D4 (trigger edge) has a subtle hardware side-effect: changing D4 counts as a clock edge internally. Keep this in mind if you’re reconfiguring a running channel.

Writing a Control Word and Time Constant

Here’s the typical two-write sequence to configure a channel:

    ; Configure Channel 0 as a timer, prescaler ÷16, start immediately
    ld bc, $183B             ; Channel 0 port
    ld a, %00000101          ; D2=1 (time constant follows)
                             ; D1=0 (no reset), D0=1 (control word)
                             ; D6=0 (timer mode), D5=0 (prescaler ÷16)
                             ; D3=0 (start immediately)
    out (c), a               ; Send control word
 
    ld a, 200                ; Time constant: count down from 200
    out (c), a               ; Send time constant — channel starts running

After the time constant byte is written, the channel transitions to the RUNNING state and begins counting down. In timer mode with D3=0 (start immediately), this happens on the next clock cycle. With D3=1, the channel waits for a trigger edge before starting.

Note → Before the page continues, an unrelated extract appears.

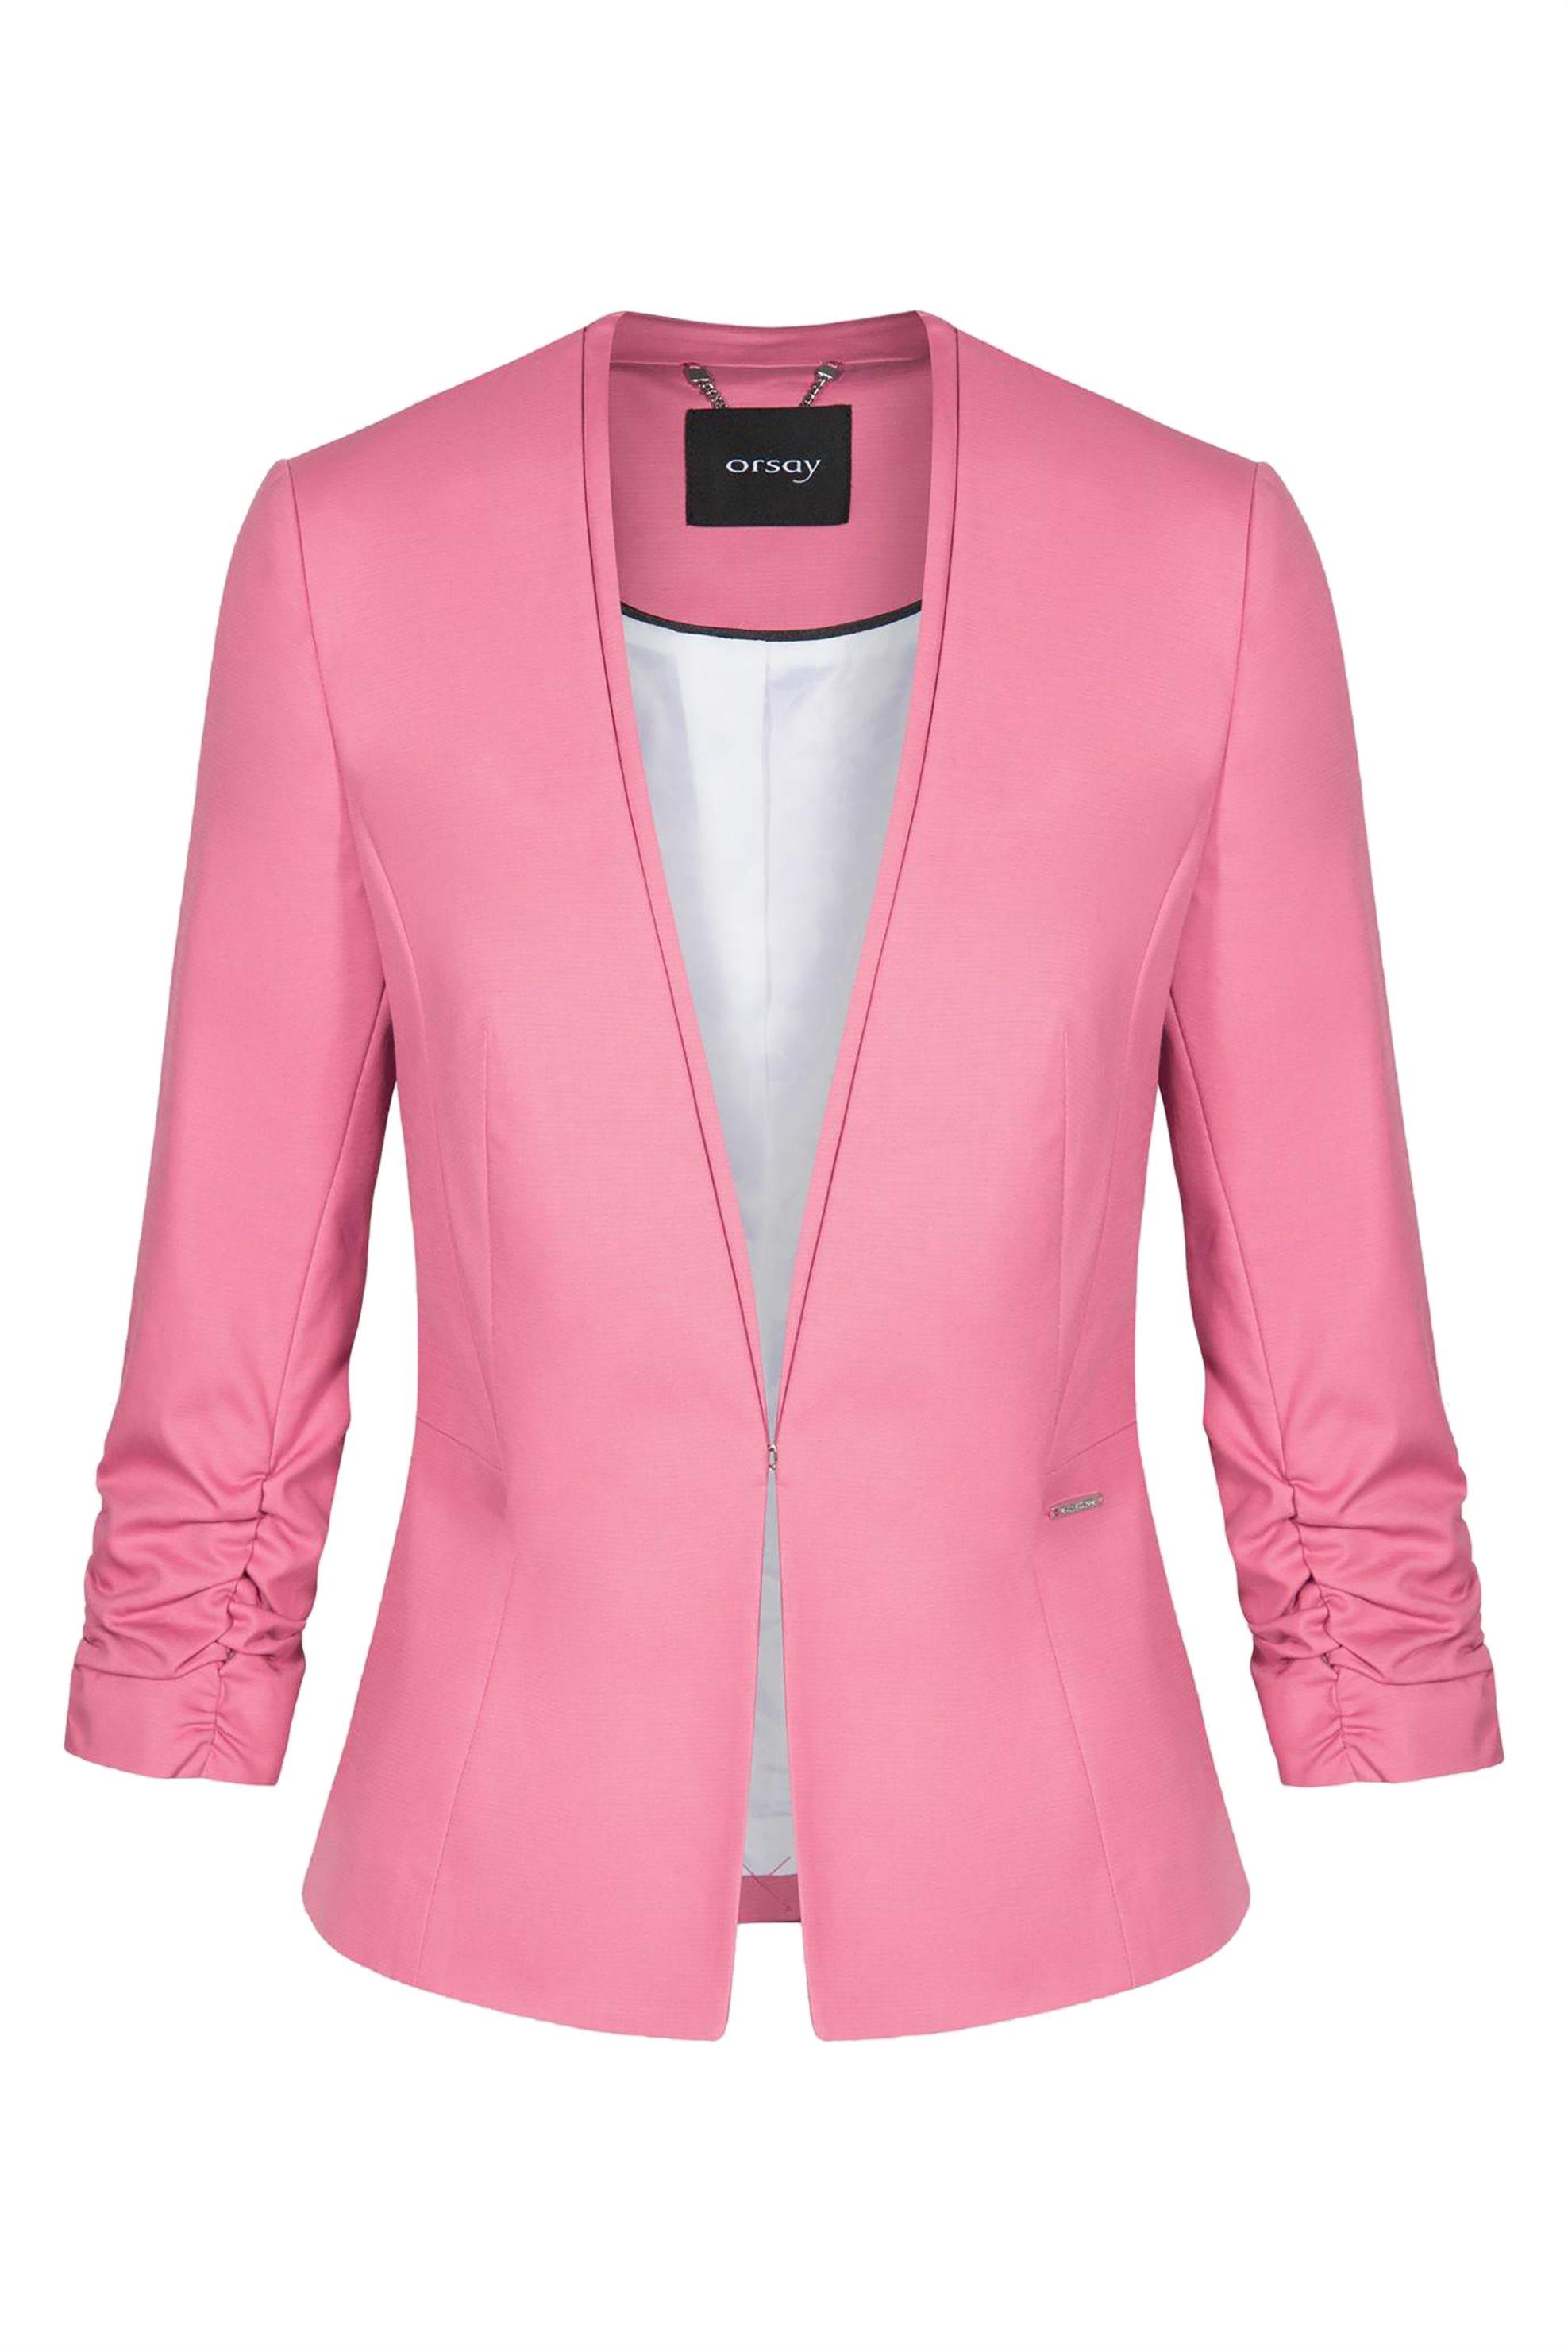 01028513a2e1 online αγορές Βαπτιστικό Σύνολο Σακάκι Μπλε γυναικα ρουχα πανωφόρια ...

Timer Mode: How the Countdown Works

In timer mode, the channel divides the 28 MHz system clock using the prescaler, then decrements the counter once per prescaler output pulse:

Prescaler input: 28 MHz system clock (not the CPU clock — this is important!)
Prescaler divides by 16 (D5=0) or 256 (D5=1)
Each prescaler output decrements the 8-bit counter by 1
When the counter reaches zero: ZC/TO fires (one-cycle pulse), the counter reloads from the time constant register, and counting continues

Timing Math

The prescaler and time constant together determine the tick rate and period:

Prescaler ÷16 (D5=0):

One counter tick = 16 / 28 MHz = ~571.4 ns
Maximum period (time constant = 256): 256 × 571.4 ns ≈ 146.3 μs
Minimum period (time constant = 1): 571.4 ns

Prescaler ÷256 (D5=1):

One counter tick = 256 / 28 MHz = ~9.143 μs
Maximum period (time constant = 256): 256 × 9.143 μs ≈ 2.34 ms
Minimum period (time constant = 1): 9.143 μs

A time constant of 0 is treated as 256 — the full 8-bit range.

Critical note: The CTC clock input is always the 28 MHz base system clock. It is not affected by NextReg $07 (CPU speed). Whether you’re running at 3.5 MHz, 7 MHz, 14 MHz, or 28 MHz, the CTC ticks at the same rate. This is actually what makes it perfect for measuring code speed — the timer runs at a fixed rate while the CPU speed varies, so you’re measuring wall-clock time, not T-states.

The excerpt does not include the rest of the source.